The only potential downside is that it is narrow, so it might not be the best solution for heavier people or people with broad shoulders.

As you’d expect with a lightweight sleeping bag rated for such low temperatures, the bag isn’t cheap — but it is worth it if you can afford it.

Features:

  • 900 down fill
  • Lower limit 20F
  • 1lb 12oz (short) or 1lb 13oz( long), 1lb 15oz (extra long)
  • Box baffle stitching
  • Three sizes: 5’6″, 6′, and 6’6″
  • Water-resistant down
  • Compresses to 6×8” (regular)
  • Full down collar

North Face Eco Trail 0F Synthetic Bag

The North Face Eco Trail 0F bag is a good choice if weight isn’t an issue.

It is made from synthetic materials, so you don’t have to worry about it getting wet like you would with a down bag. It is wider than most sleeping bags and will also fit large people.

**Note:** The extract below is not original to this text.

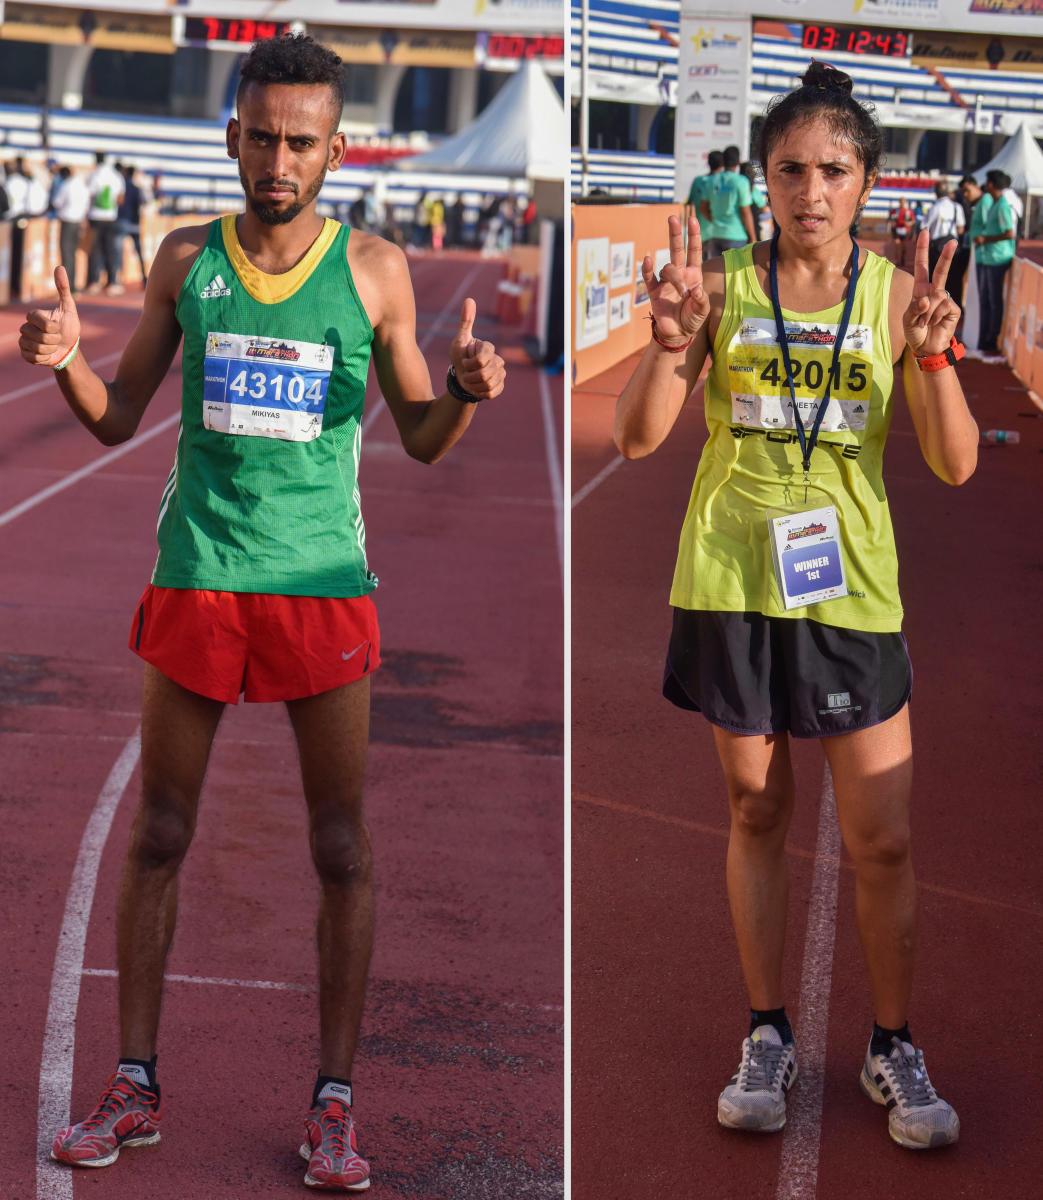 VICTORIOUS Ethiopia's Mikiyas Yemata (left) and Aneeta Chaudhary of India won the men's and women's titles respectively in the Bengaluru Marathon at the Sree Kanteerava Stadium on Sunday. DH Photo/ S K Dinesh

North Face also makes 20F and 35F versions of this bag, which are lighter in weight. They will still be too heavy for most bug out bags, but it’s hard to beat the price and still have this good of a temperature rating.

Features:

  • Polyester fill
  • Lower limit 0F
  • Fits 6′ (regular) or 6’6″ (long) or 7′ (X-long)
  • 5lbs 8oz (regular)
  • Extended width at knees
  • Draft collar
  • Vaulted footbox

Leave a comment

  1. Thanks for the article. Backpacking quilts may be a good compromise for bigger individuals who do not want to be limited to carrying pounds of wool with them. They usually have some form of toe box and just omit the insulation between the body and sleeping pad, which gets crushed anyway, essentially like if you zipped a mummy bag to your knees and rotated it 90 degrees to wrap it around yourself like a blanket. Quilts are also good for people who feel claustrophobic in mummy bags.

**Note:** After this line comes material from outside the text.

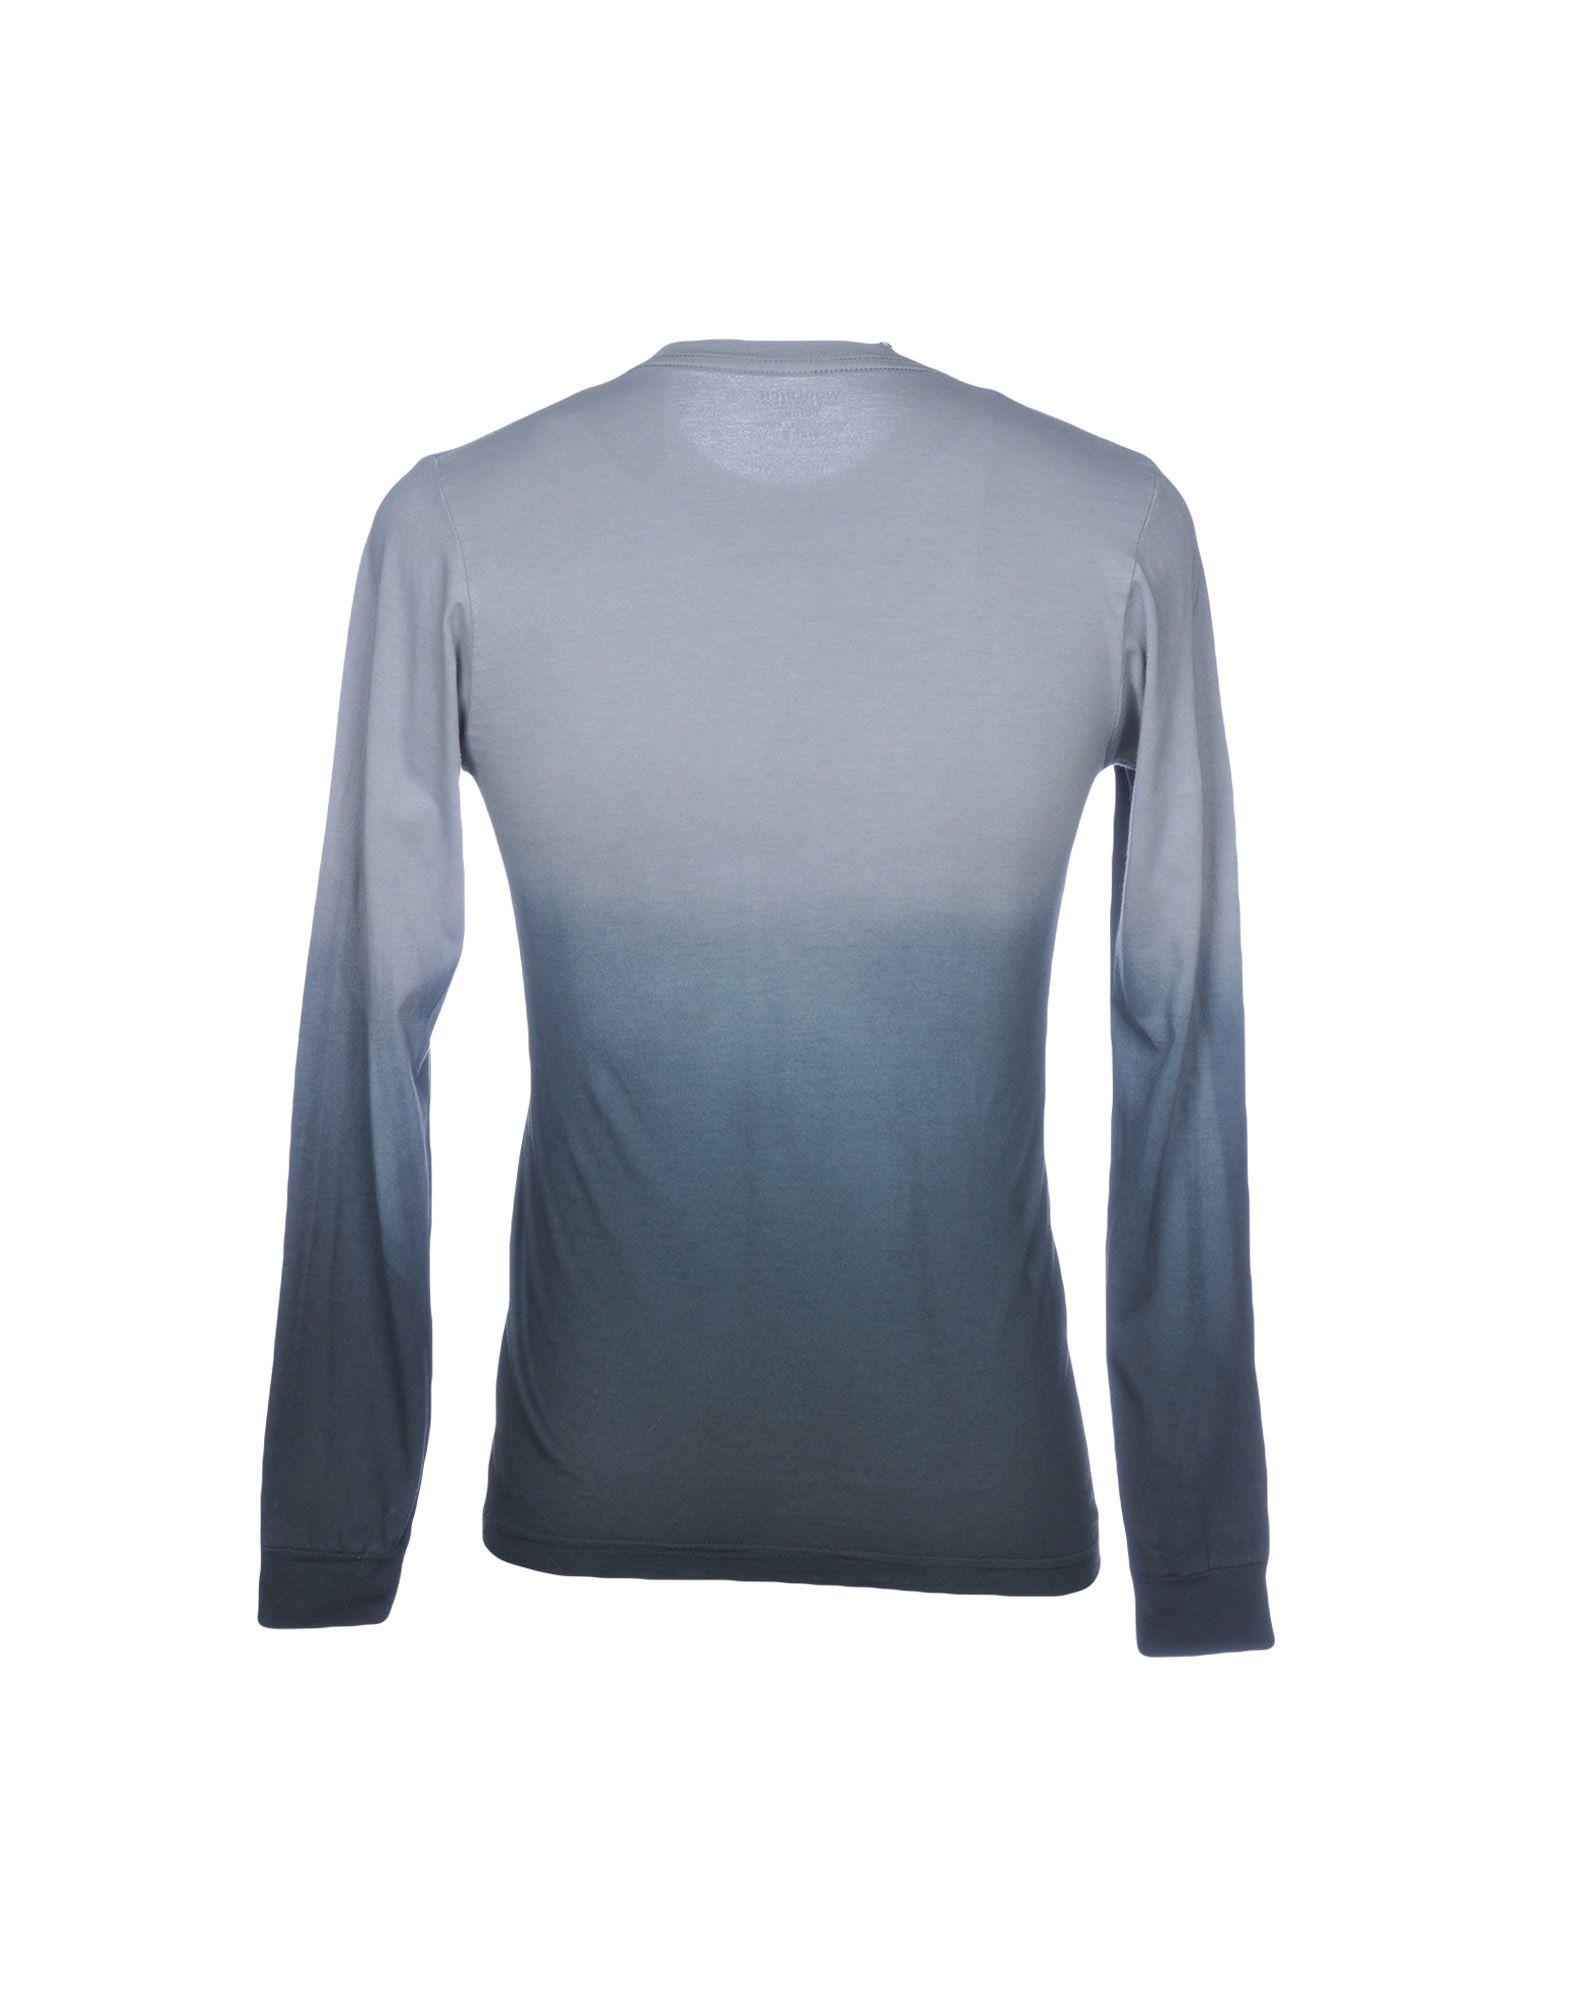 A buon Woolrich mercato A buon mercato T-Shirt Woolrich buon Uomo - 12181097TM c40c79

    I also want to add that in my experience at least, no matter what coating is on your down fill if it gets damp or wet you will be cold. Water resistant is better than untreated but if moisture is a potential factor, for a survival bag I’d skip it.

    Reply
    • Agree: I love my down jacket (don’t have a down sleeping bag) but wouldn’t recommend down to anyone who doesn’t have experience in wet, crappy conditions. Wool is the safer bet, albeit much heavier. I have yet to try a backpacking quilt, but I’ve heard very good things about them — especially from hammock backpackers.